> **DIRECTIONS**
Write out exactly the lines from the one with "Mark Zuckerberg VR Headset" through the last line of the data below, but not the pictures.

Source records
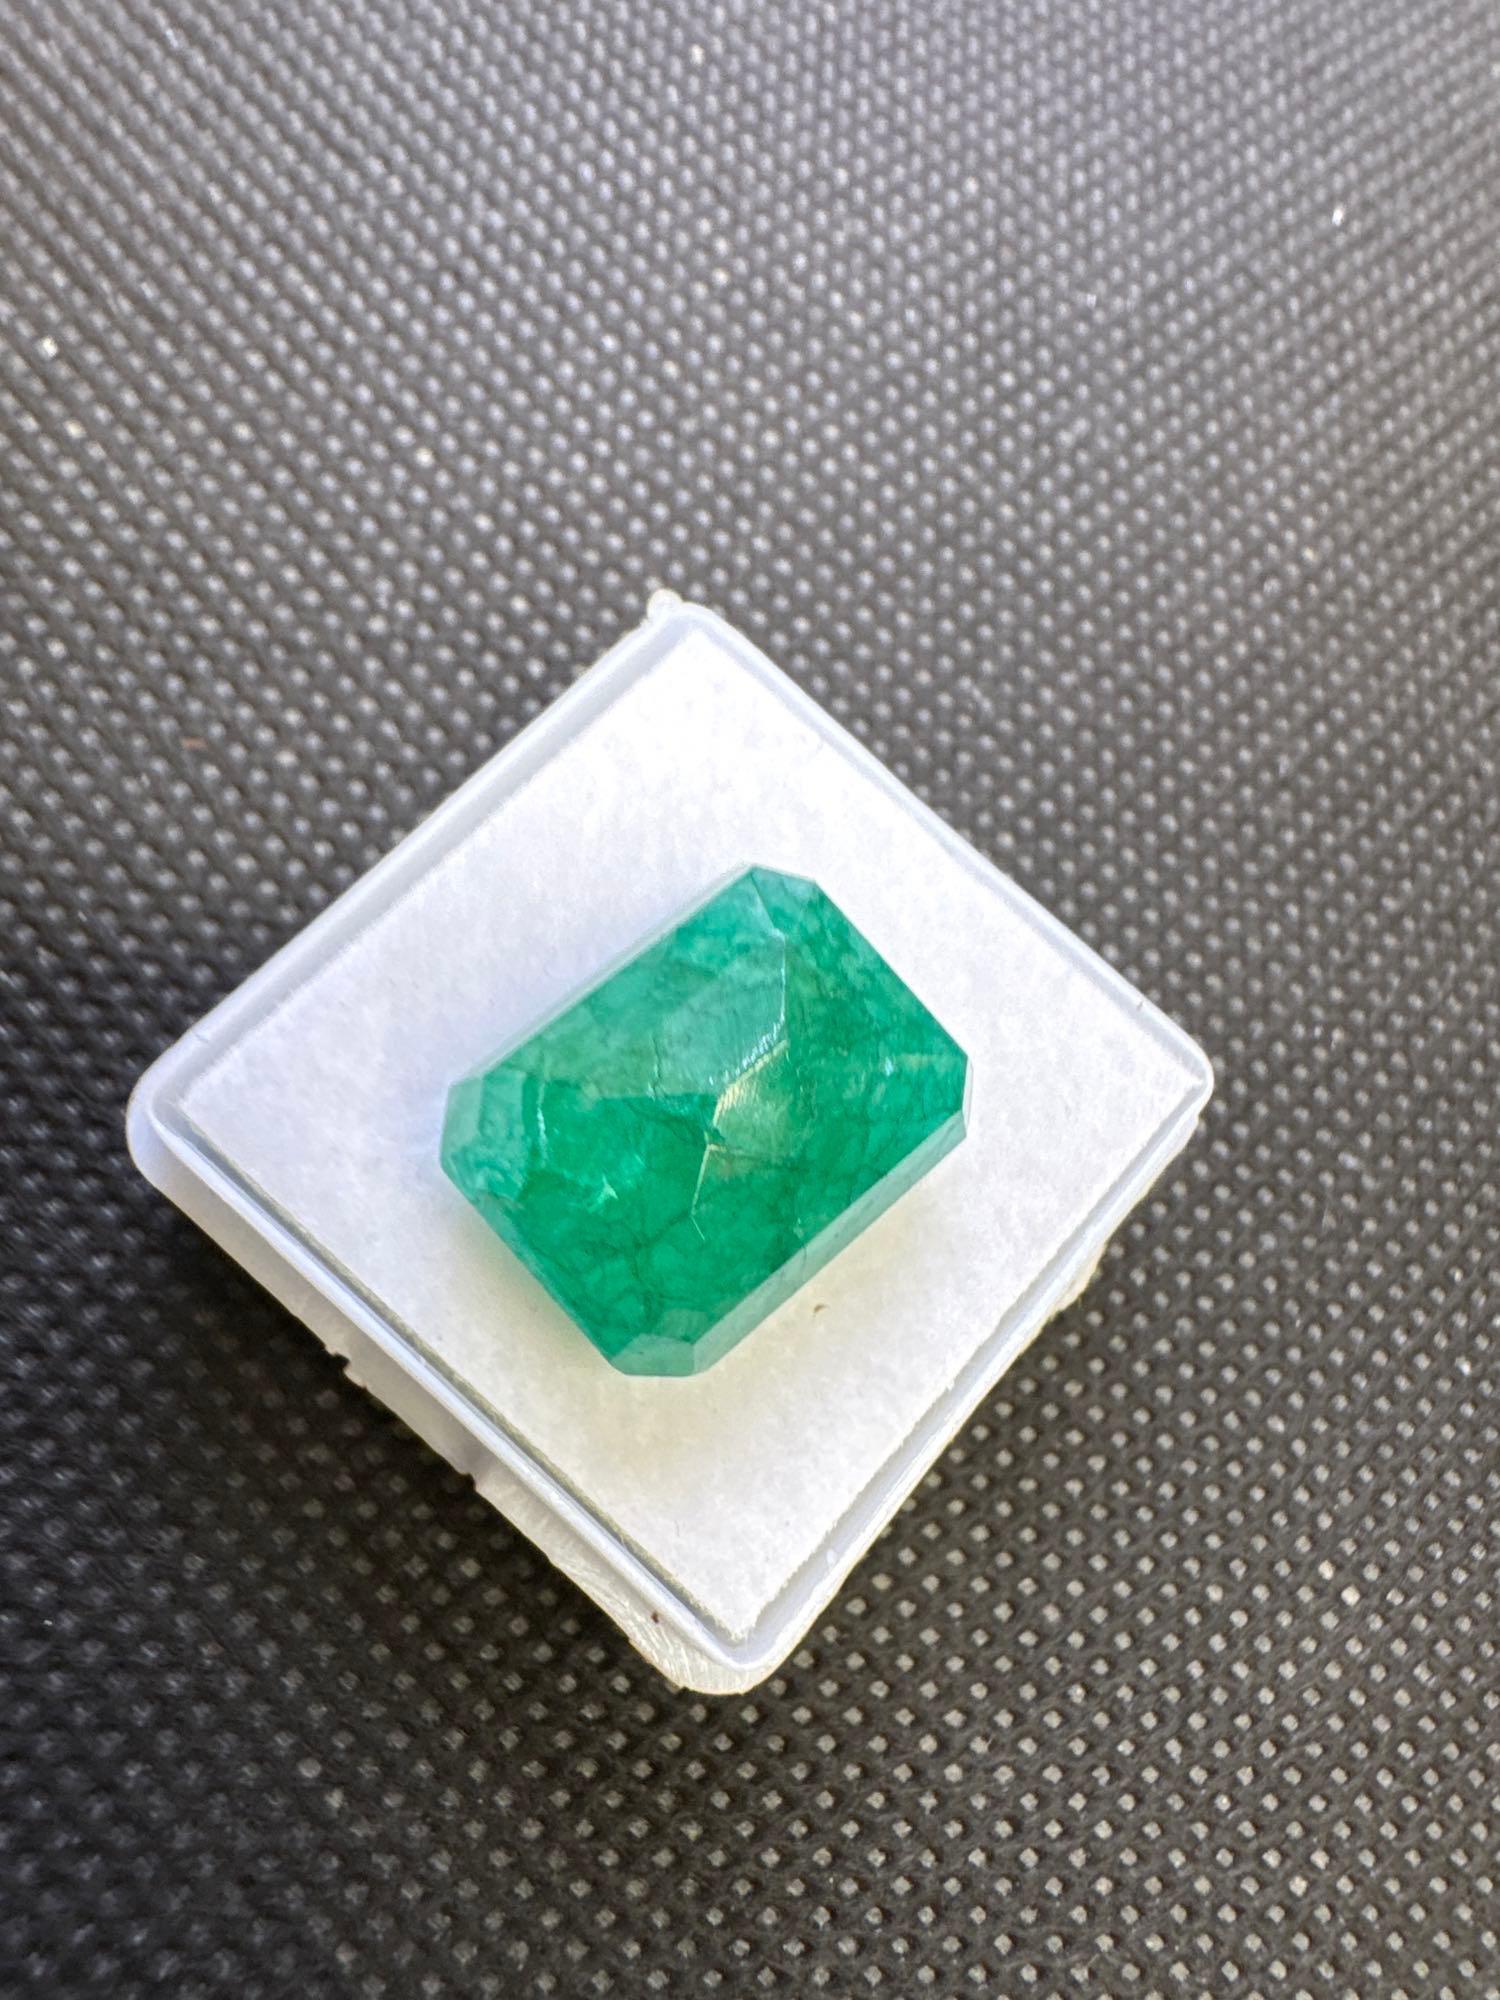 Emerald Cut Green Emerald Gemstone Stunning Green 13.55Ct
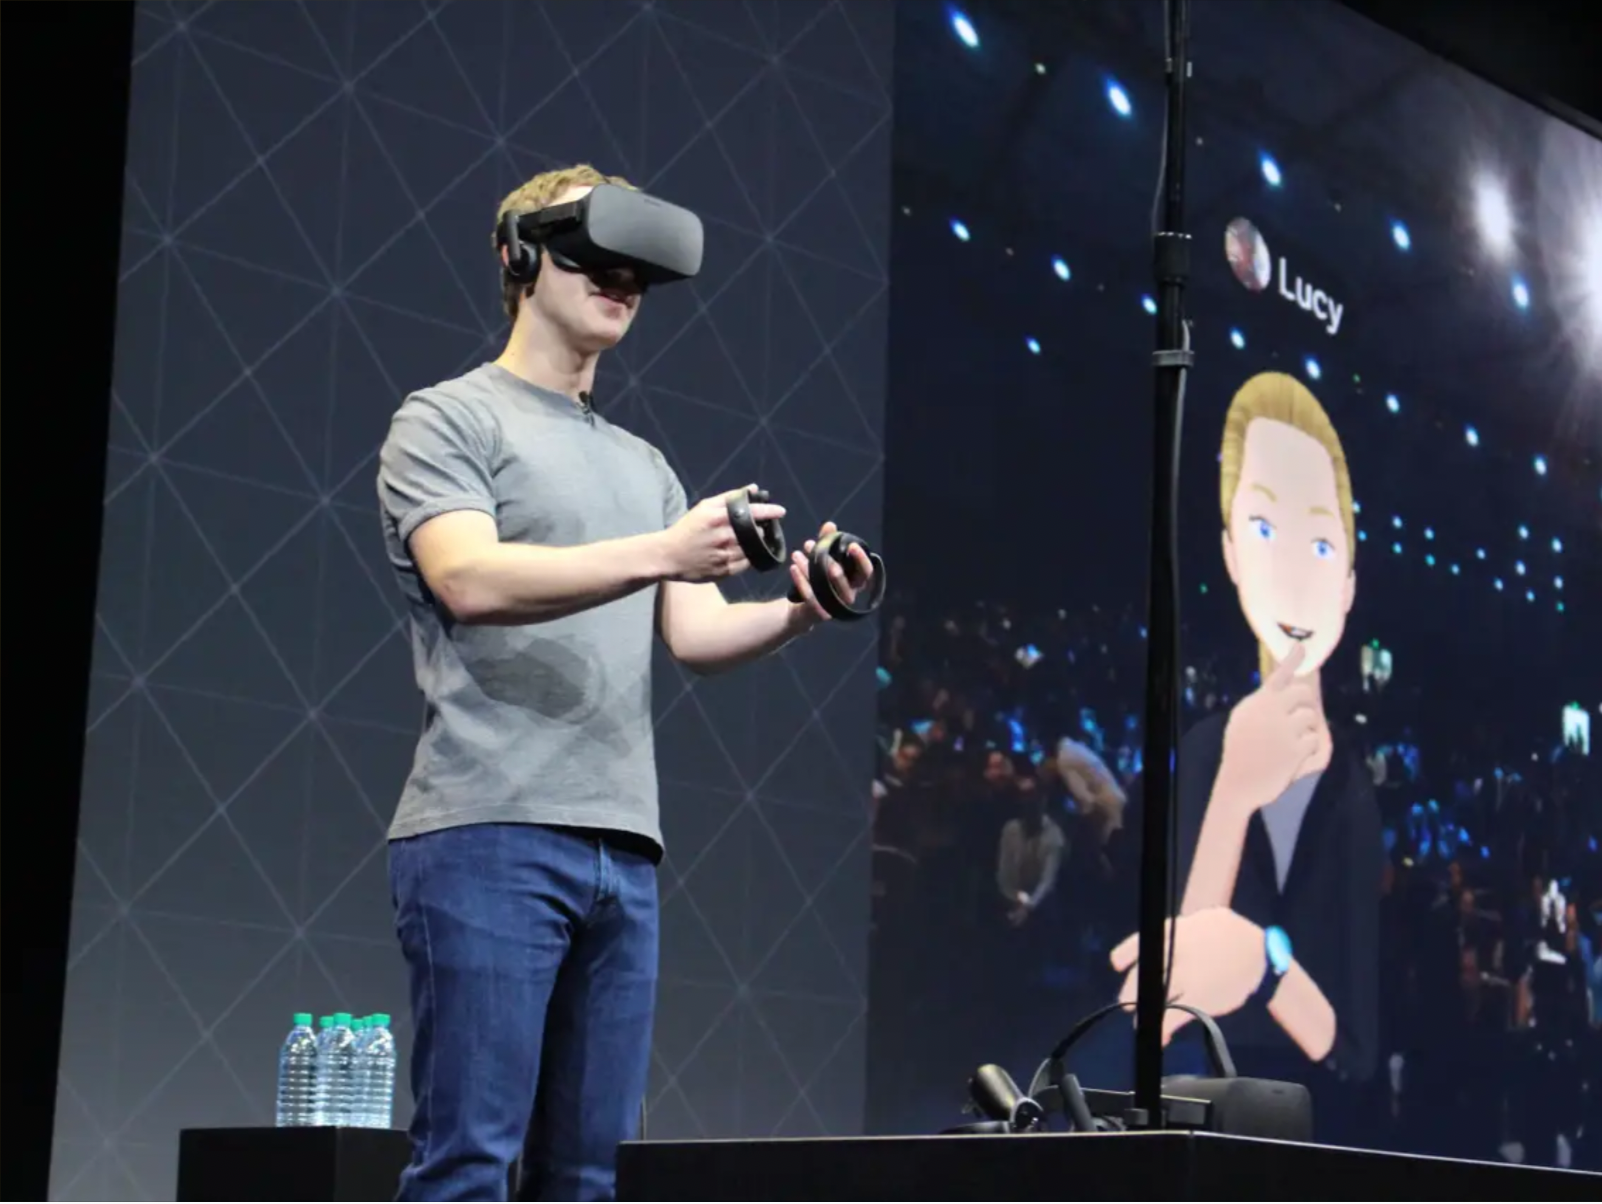 Mark Zuckerberg VR Headset
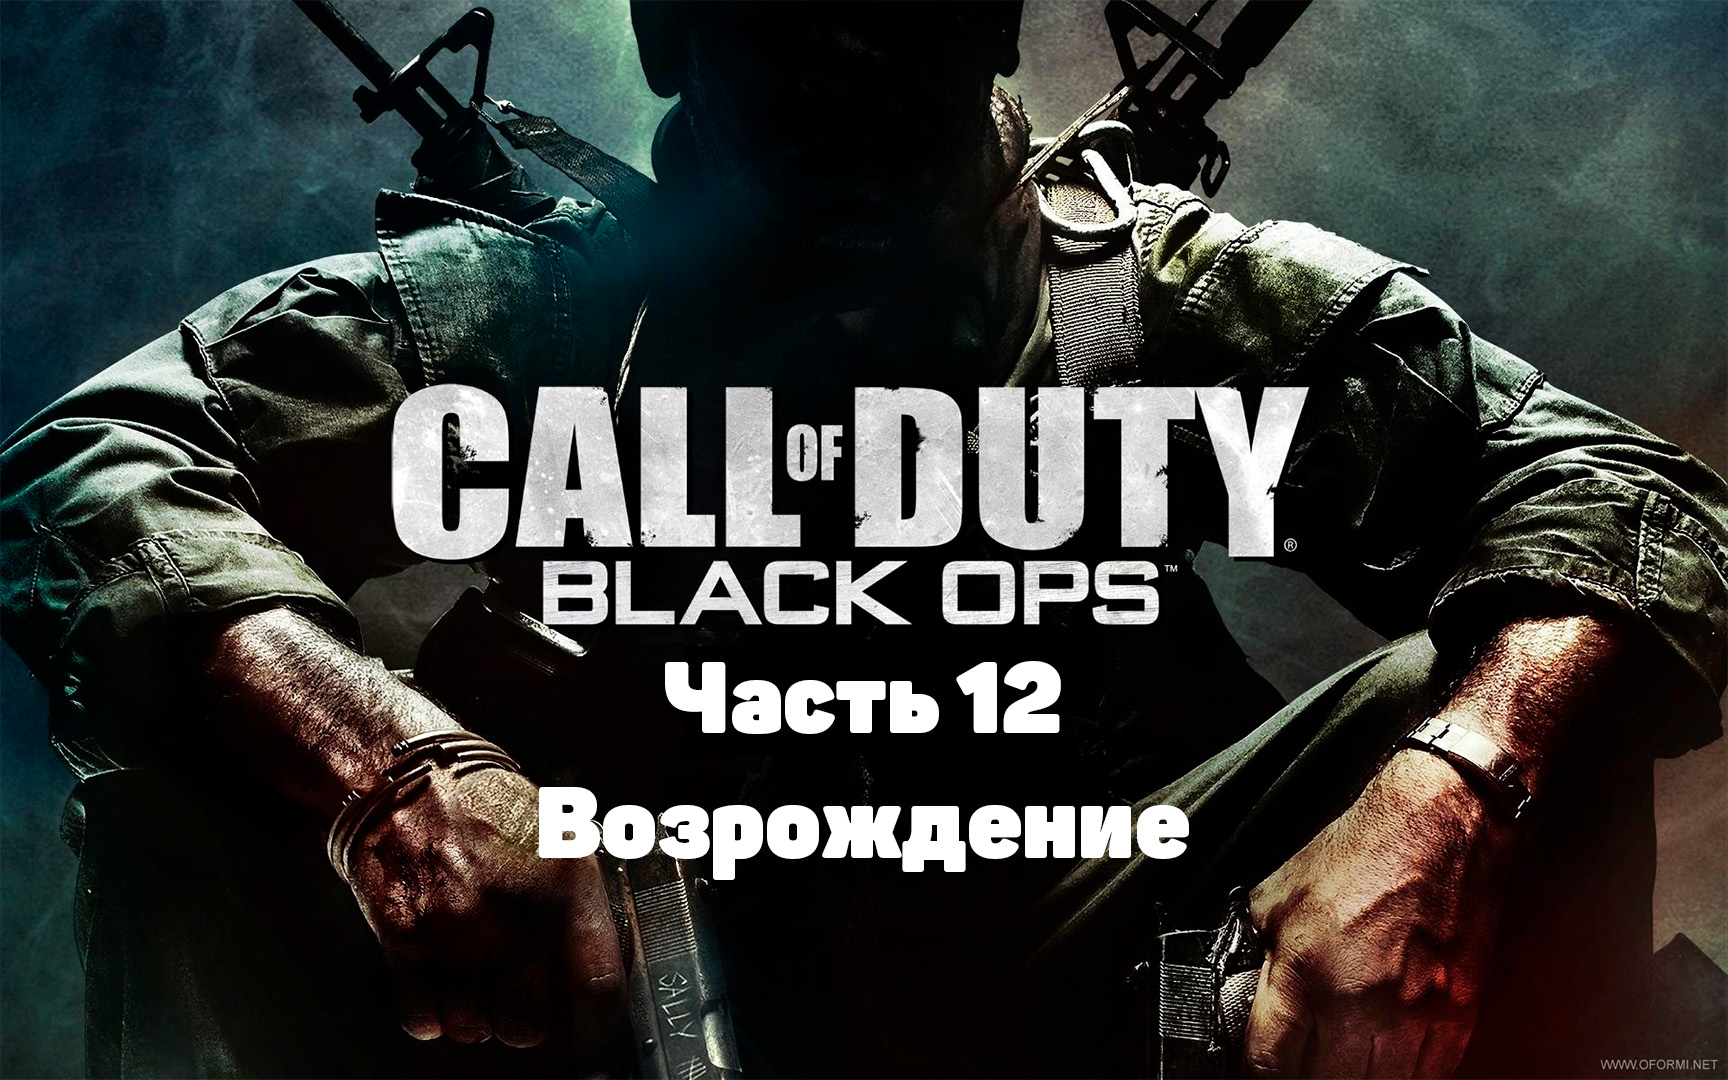 Call of Duty: Black Ops Часть 12 Возрождение (Прохождение) #callofduty #blackops #2022 #gametour
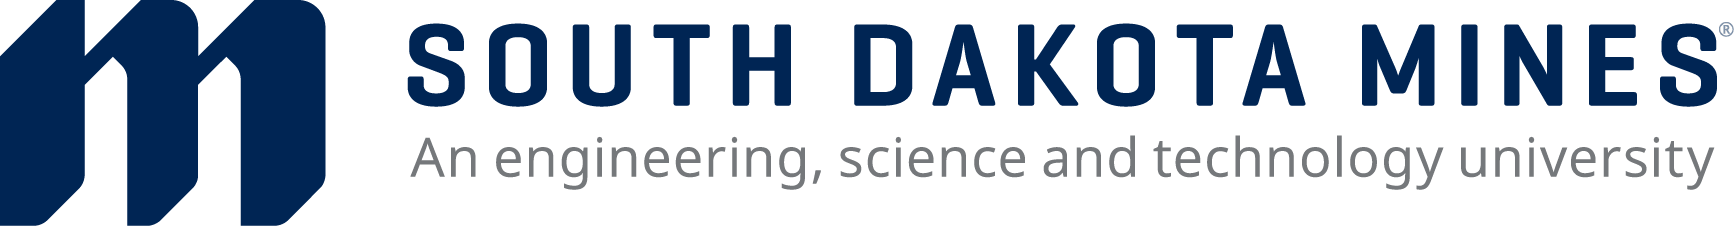 South Dakota Mines Logo.
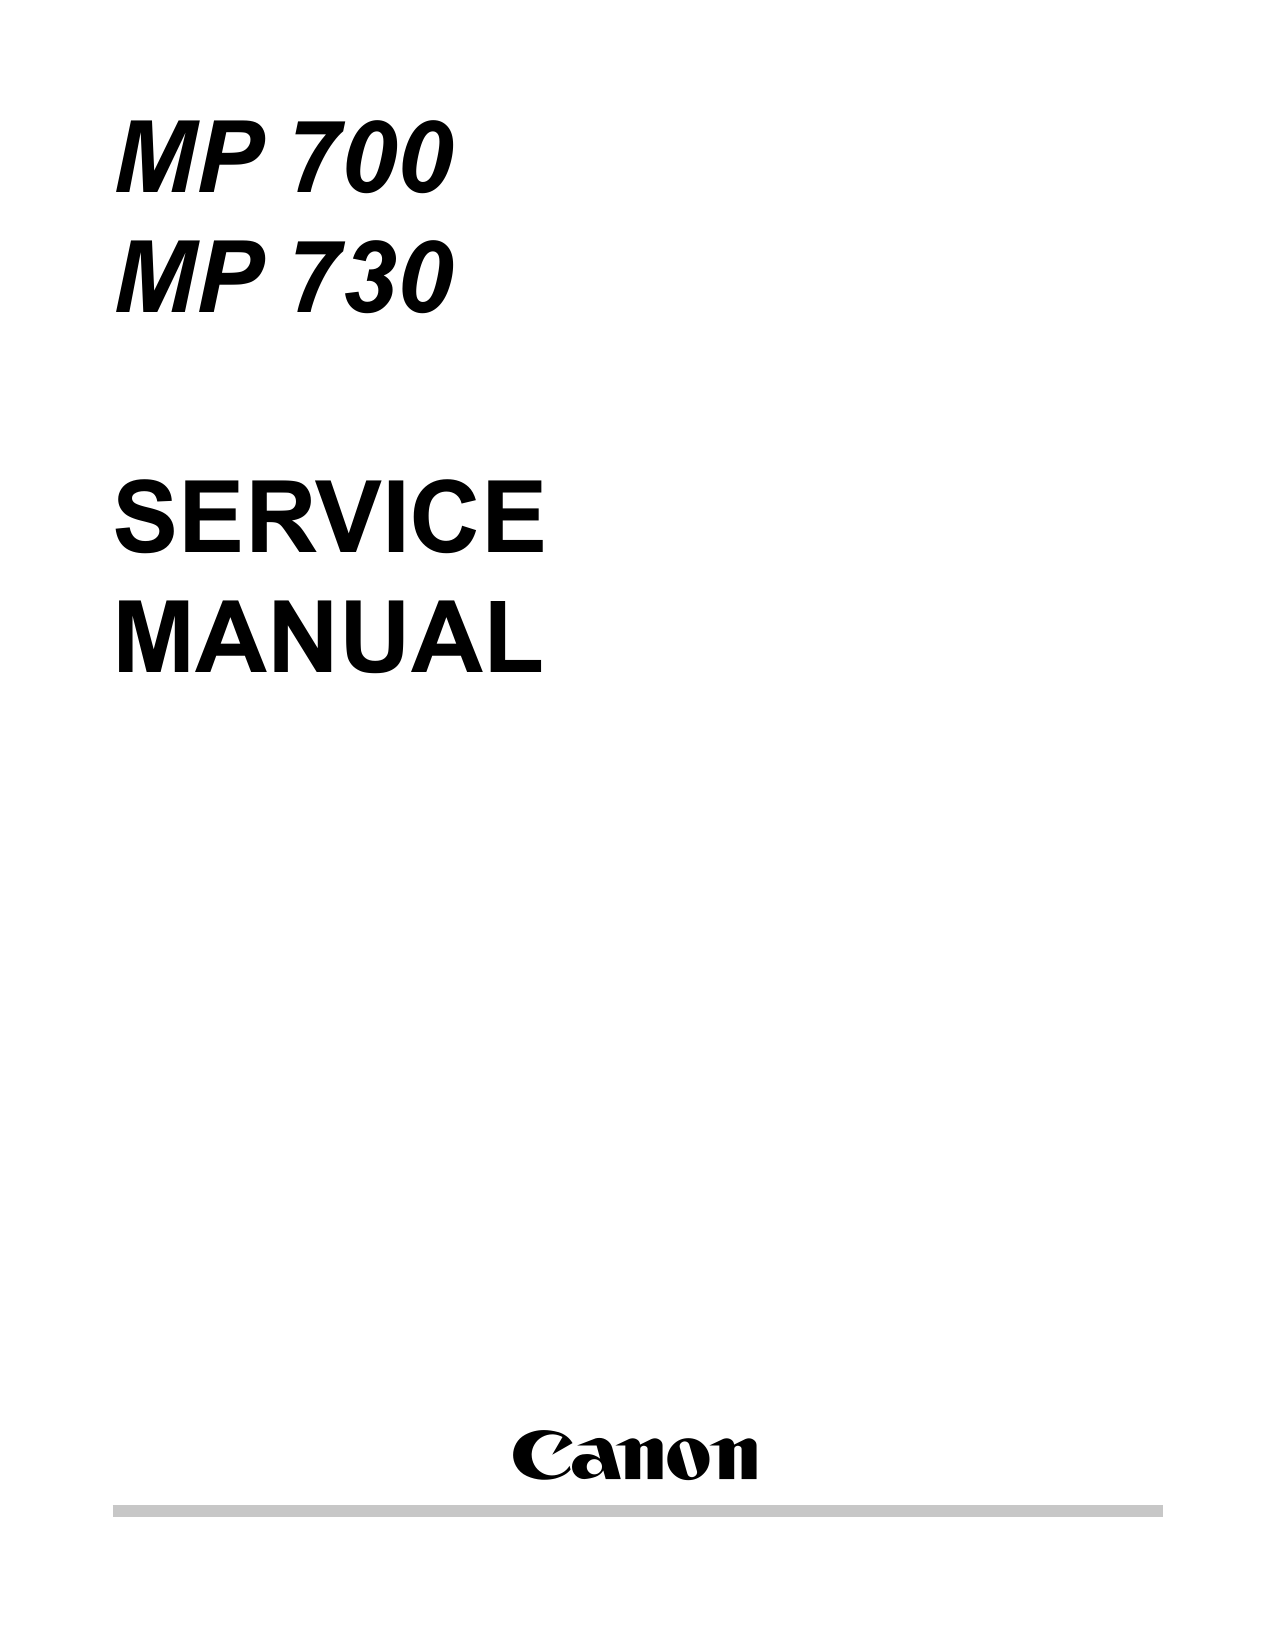 Canon Pixma MP 700, MP 730 multifunction inkjet printer service guide Preview image 6

> **YOUR SOLUTION**
 Mark Zuckerberg VR Headset
 Call of Duty: Black Ops Часть 12 Возрождение (Прохождение) #callofduty #blackops #2022 #gametour
 South Dakota Mines Logo.
 Canon Pixma MP 700, MP 730 multifunction inkjet printer service guide Preview image 6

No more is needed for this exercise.